SPACE AS LOGICAL REPRESENTATION

    The hierarchical inclusion series sketched above rests on the assumption that each mode within it be logically equivalent. "Logically," because we are not demanding that each system's mode be structurally identical (as might, for example, the several primary atoms of a carbon ring structure), only that it of necessity carry the same "weight" in actualizing the function of the overall system--for example, the human nervous system is entirely distinct from our digestive system, but both are equally necessary to our overall organization. Such logic has, of course, no built-in spatial connotation. Importantly, however, it is entirely possible to impose additional conditions that make possible its re-setting into spatial terms, and to this matter we now turn. The fastest way to examine this question is to quickly explore a real world situation.

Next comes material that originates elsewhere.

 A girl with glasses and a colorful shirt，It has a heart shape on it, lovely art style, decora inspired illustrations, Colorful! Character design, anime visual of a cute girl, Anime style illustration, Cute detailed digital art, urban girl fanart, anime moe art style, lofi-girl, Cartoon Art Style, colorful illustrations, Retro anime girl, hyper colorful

    Human population within the typical Western regional area distributes itself hierarchically, according to socioeconomic forces governing the population size of the constituent towns and cities; the sustaining inverse function relates size class of center to number of centers present in each such class. Consider the contrived regional setting diagrammed in Figure 3. This consists, as represented, of one large "central" city, five smaller cities, ten large towns, and twenty small towns, coded as such in Figure 3.A. Such classifications are often based on socio-economic function within the overall system, a function that is usually closely related to population size of center.

Figures 3.A, 3.B & 3.C:

Fig. 3.A.

Fig. 3.B.

Fig. 3.C.

    Figure 3.B shows how the same basic classification can be arrived at by looking at interaction data. Here, we might be dealing with, for example, commuting data (where dotted lines between centers represent thresholds of fifty trips, dashed lines five hundred, and solid lines five thousand). In this instance, the total number of commutes emanating from the center would identify it with one of the four size levels. In Figure 3.C, however, the same trips data are used to specify a subregional classification, since, independent of size considerations, certain towns and suburbs fall within one or another of the several general "commutersheds" in the region. In this instance, absolute size of center is not such a relevant consideration as compared to nearness--to subregional evolution. The classification shown in Figure 3.C is of a historical type, whereas that shown in 3.A describes organization of an "ecological" type.

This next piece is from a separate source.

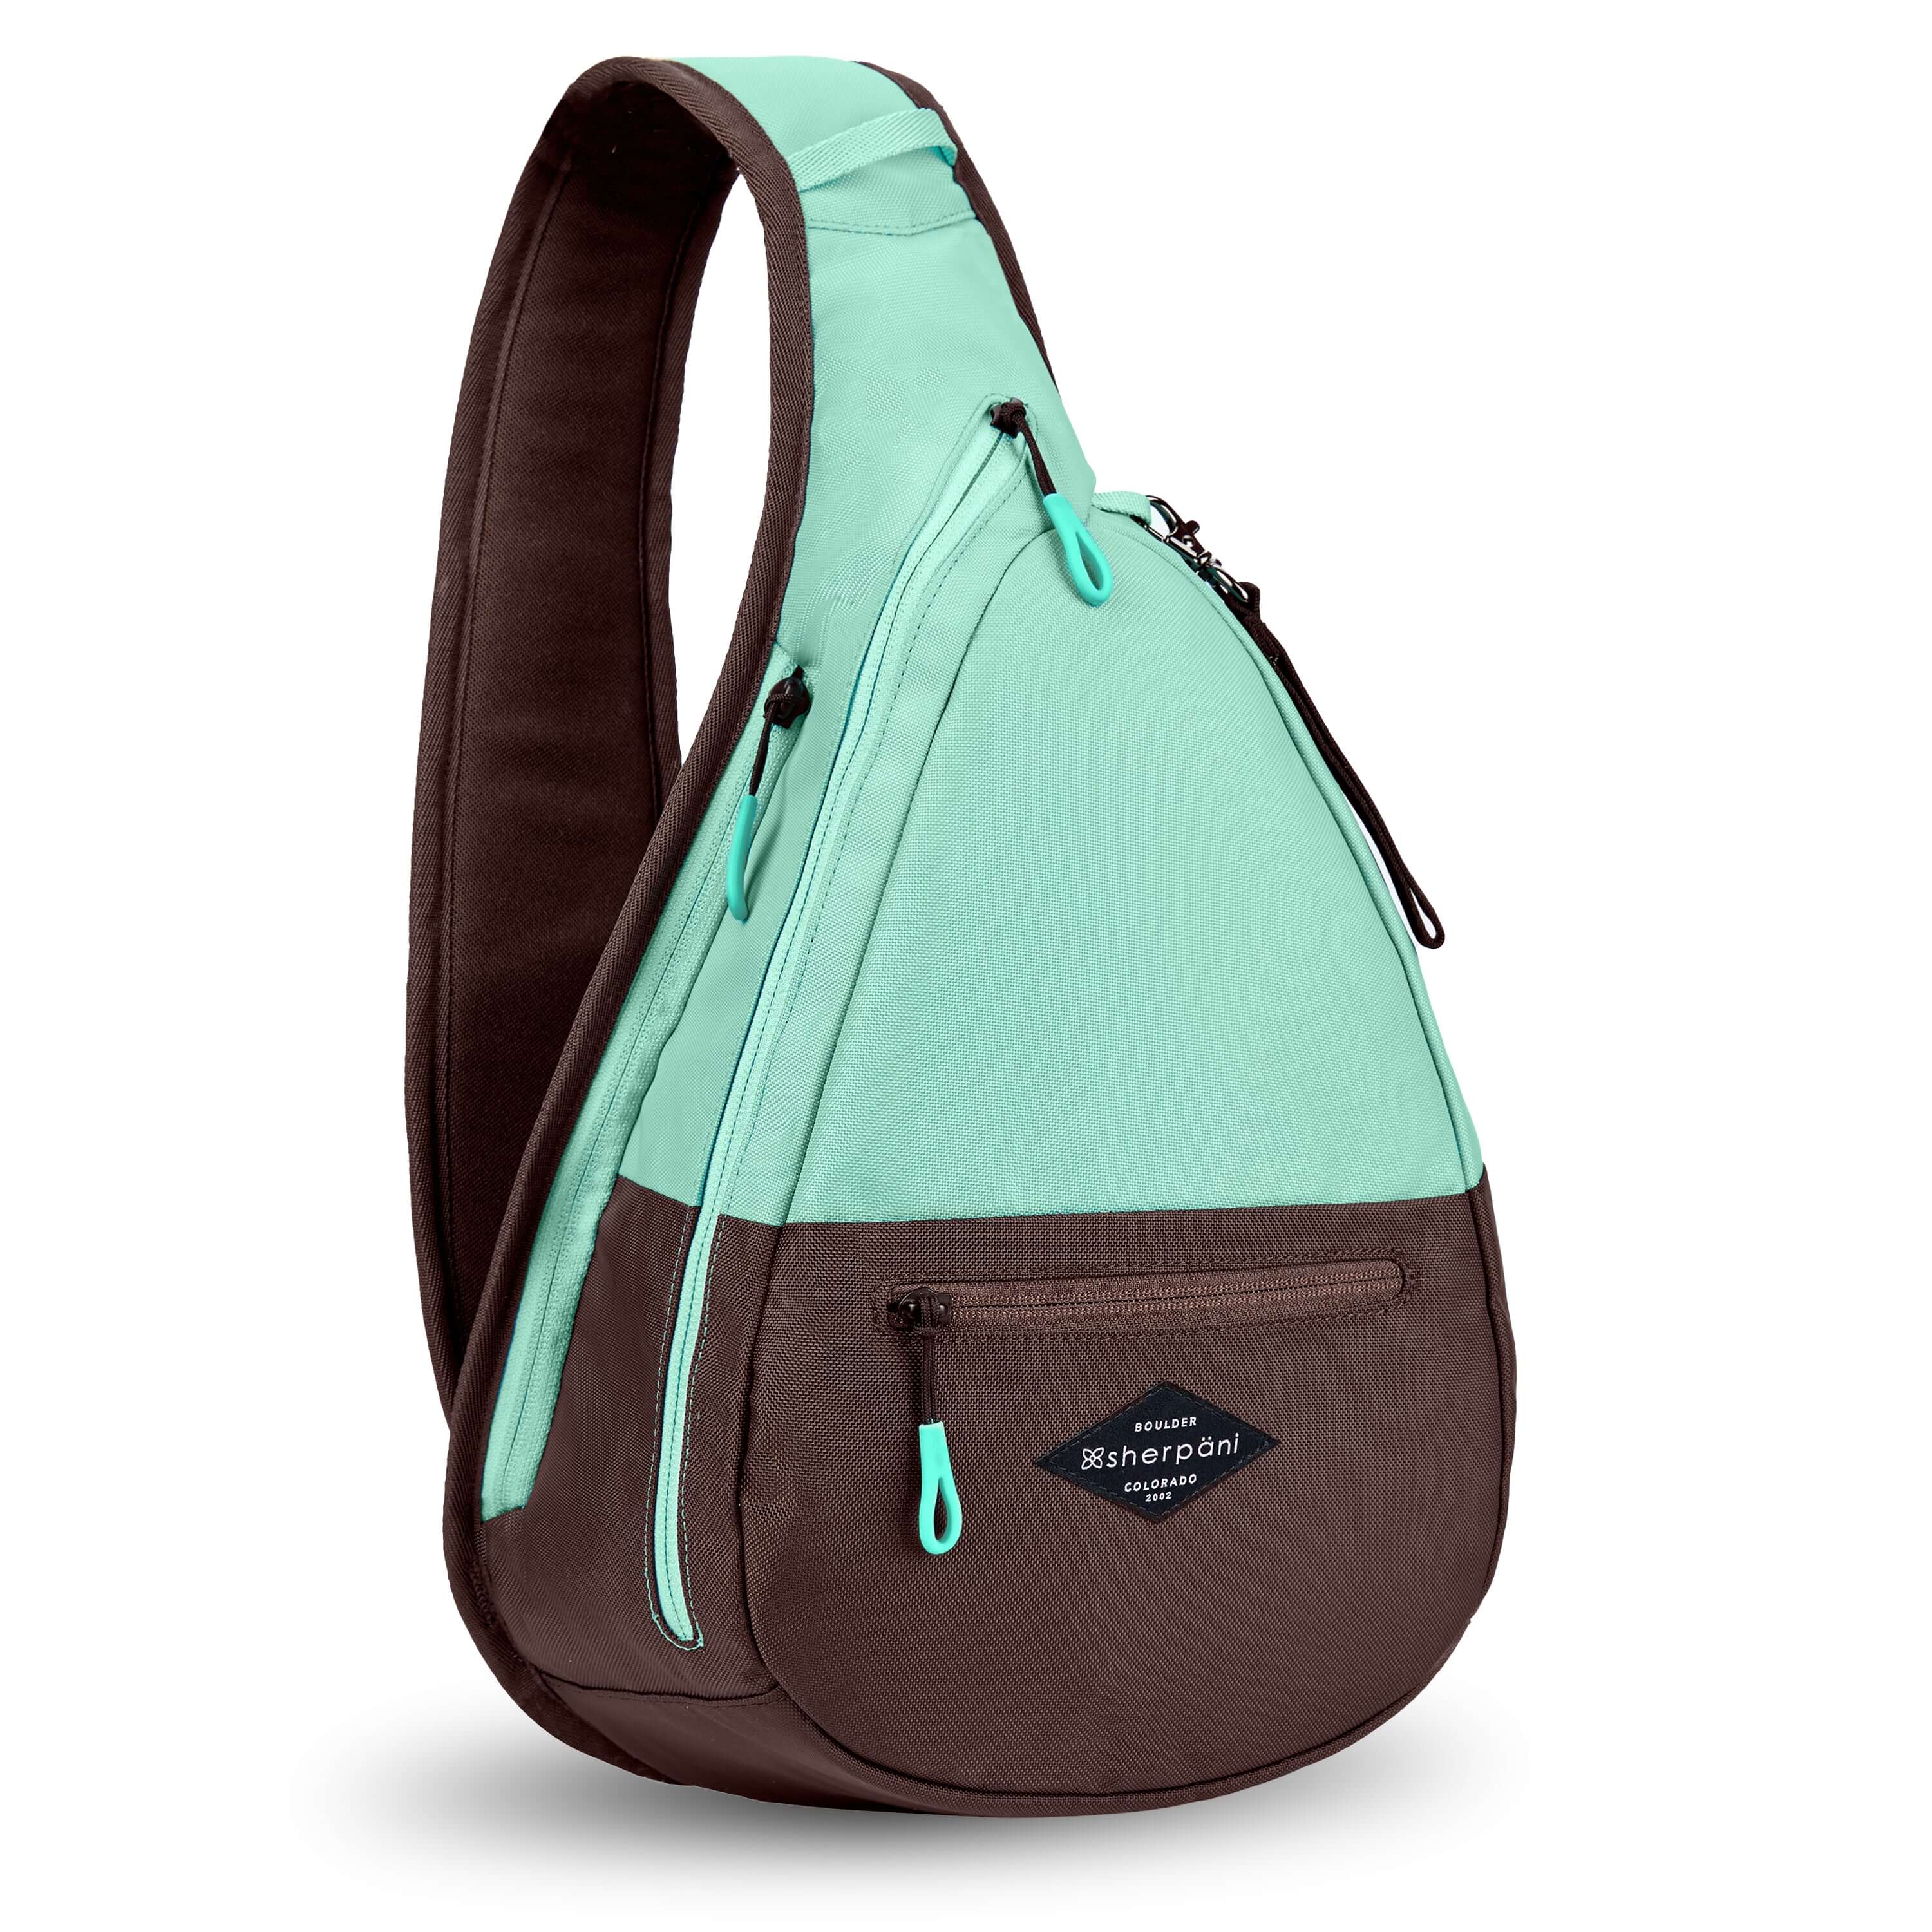 Angled front view of Sherpani's bag, the Esprit in Seagreen. The teardrop shaped bag is two-toned in light green and brown. There is a small zipper pocket on the front of the bag, the main zipper compartment in the middle, and another zipper pocket towards the back of the bag. It has easy-pull zippers accented in light green. A branded Sherpani keychain is clipped to a fabric loop near the top of the bag.

    Either form of classification of centers into groups can be followed by the calculation of group (class)-level averages. The latter values may then be arranged in matrix form. In the case of the subregional delineation, an idea of the subregional interaction structure is obtained by looking at totals of trips/calls between and within regions. This form of representation (Figure 3.C) can produce an additive inclusion series of (subregional) relations interpretable in hierarchical terms of the type discussed in the last paper (if one wishes to split the regions into finer units, or keep lumping them together into broader ones). Economic function according to size/rank, however, is best examined in relational terms by linking the spatial pattern of centers to principles of shopping behavior and other market-related variables, and to how this arrangement functionally maintains the overall urban hierarchy (as studied, for example, through Central Place Theory). If we make the assumption that population size accurately reflects function in this regard (and on the whole it does), we can generate a classification of size groups a priori, and then examine the way the relative location of all members of any one class to all members of any other class--taken for all combinations of groupings--defines a population clustering pattern supporting the socio-economic superstructure of the overall system.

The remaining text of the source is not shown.